The ggplot2 package is a natural complement to dplyr, as both use data frames as their data structure of choice. In this case plotting the data makes it much easier to see the wide disparities among localities in Howard County in terms of residential building permit issuance.
That concludes this example of analyzing Howard County building permit data. If I have time to do another example I’ll try to create an actual map showing the relative number of permits issued per zip code within the county.

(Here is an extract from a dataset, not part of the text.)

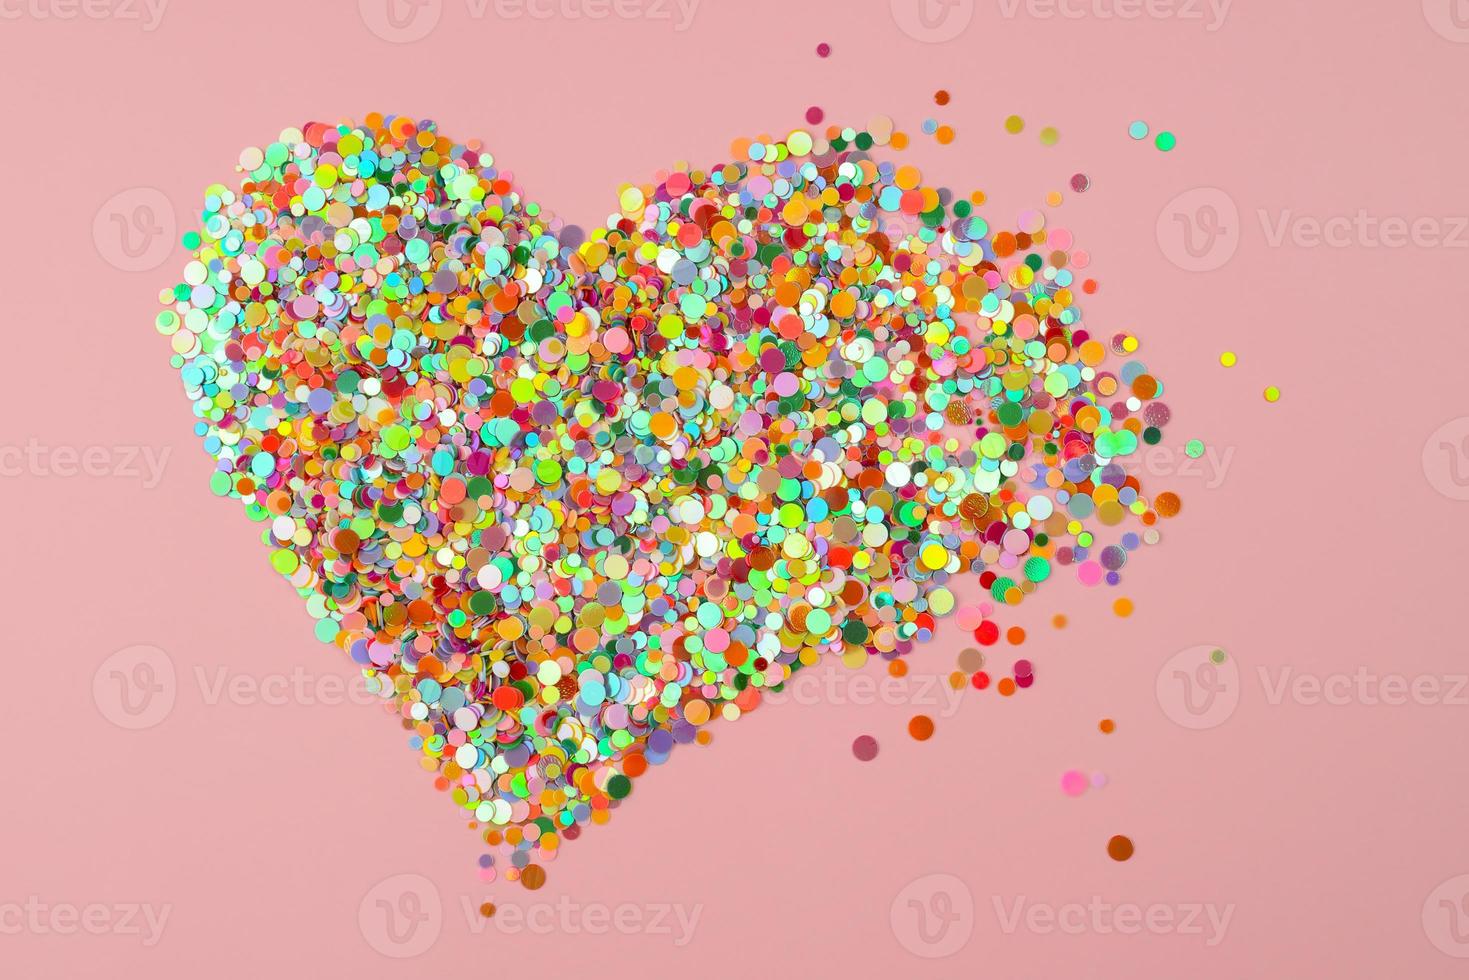 Heart Shape made of paper confetti. Breaking heart scatter. Broken heart, hurt feeling, end of love photo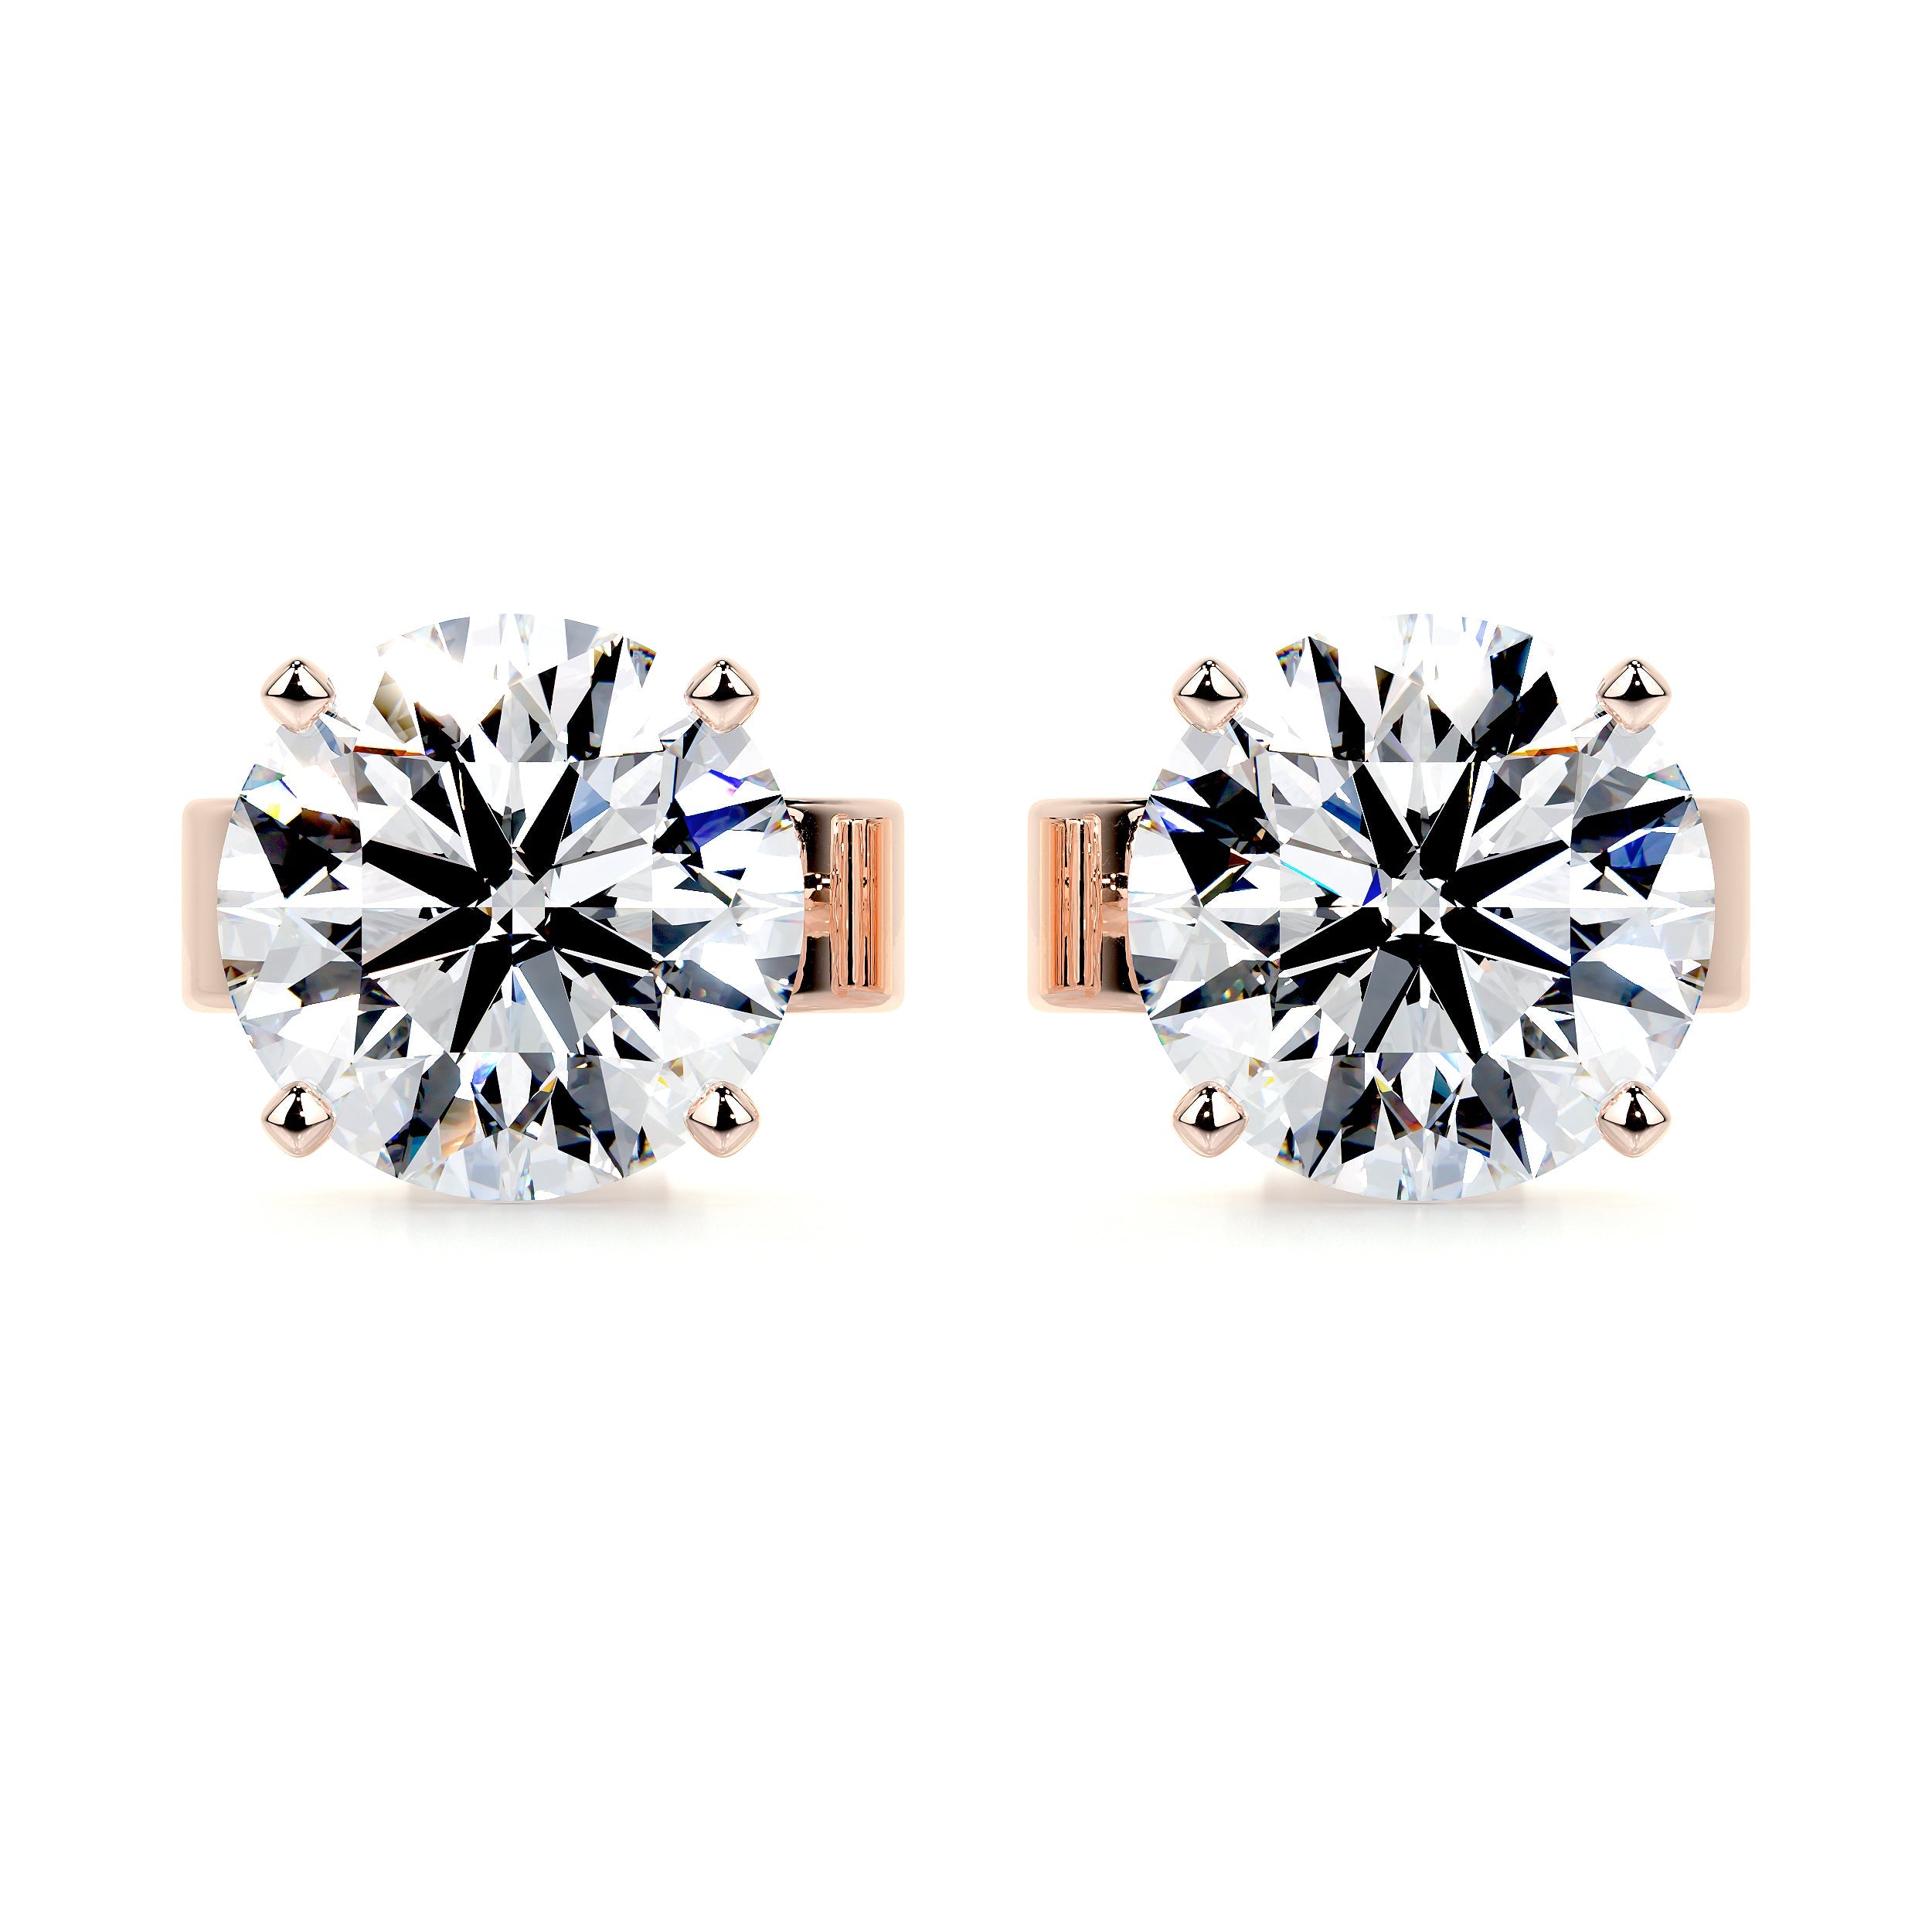 Allen Lab Grown Diamond Earrings   (6 Carat) -14K Rose Gold

I used the following R environment in doing the analysis for this example:
sessionInfo()
## R version 3.1.2 (2014-10-31)
## Platform: x86_64-apple-darwin13.4.0 (64-bit)
##
## locale:
## [1] en_US.UTF-8/en_US.UTF-8/en_US.UTF-8/C/en_US.UTF-8/en_US.UTF-8
##
## attached base packages:
## [1] stats graphics grDevices utils datasets methods base
##
## other attached packages:
## [1] ggplot2_1.0.0 dplyr_0.4.0 RCurl_1.95-4.3 bitops_1.0-6
##
## loaded via a namespace (and not attached):
## [1] assertthat_0.1 colorspace_1.2-4 DBI_0.3.1 digest_0.6.4
## [5] evaluate_0.5.5 formatR_1.0 grid_3.1.2 gtable_0.1.2
## [9] htmltools_0.2.6 knitr_1.7 labeling_0.3 lazyeval_0.1.10
## [13] magrittr_1.0.1 MASS_7.3-35 munsell_0.4.2 parallel_3.1.2
## [17] plyr_1.8.1 proto_0.3-10 Rcpp_0.11.3 reshape2_1.4
## [21] rmarkdown_0.5.1 scales_0.2.4 stringr_0.6.2 tools_3.1.2
## [25] yaml_2.1.13
You can find the source code for this analysis and others at my HoCoData repository on GitHub. This document and its source code are available for unrestricted use, distribution and modification under the terms of the Creative Commons CC0 1.0 Universal (CC0 1.0) Public Domain Dedication. Stated more simply, you’re free to do whatever you‘d like with it.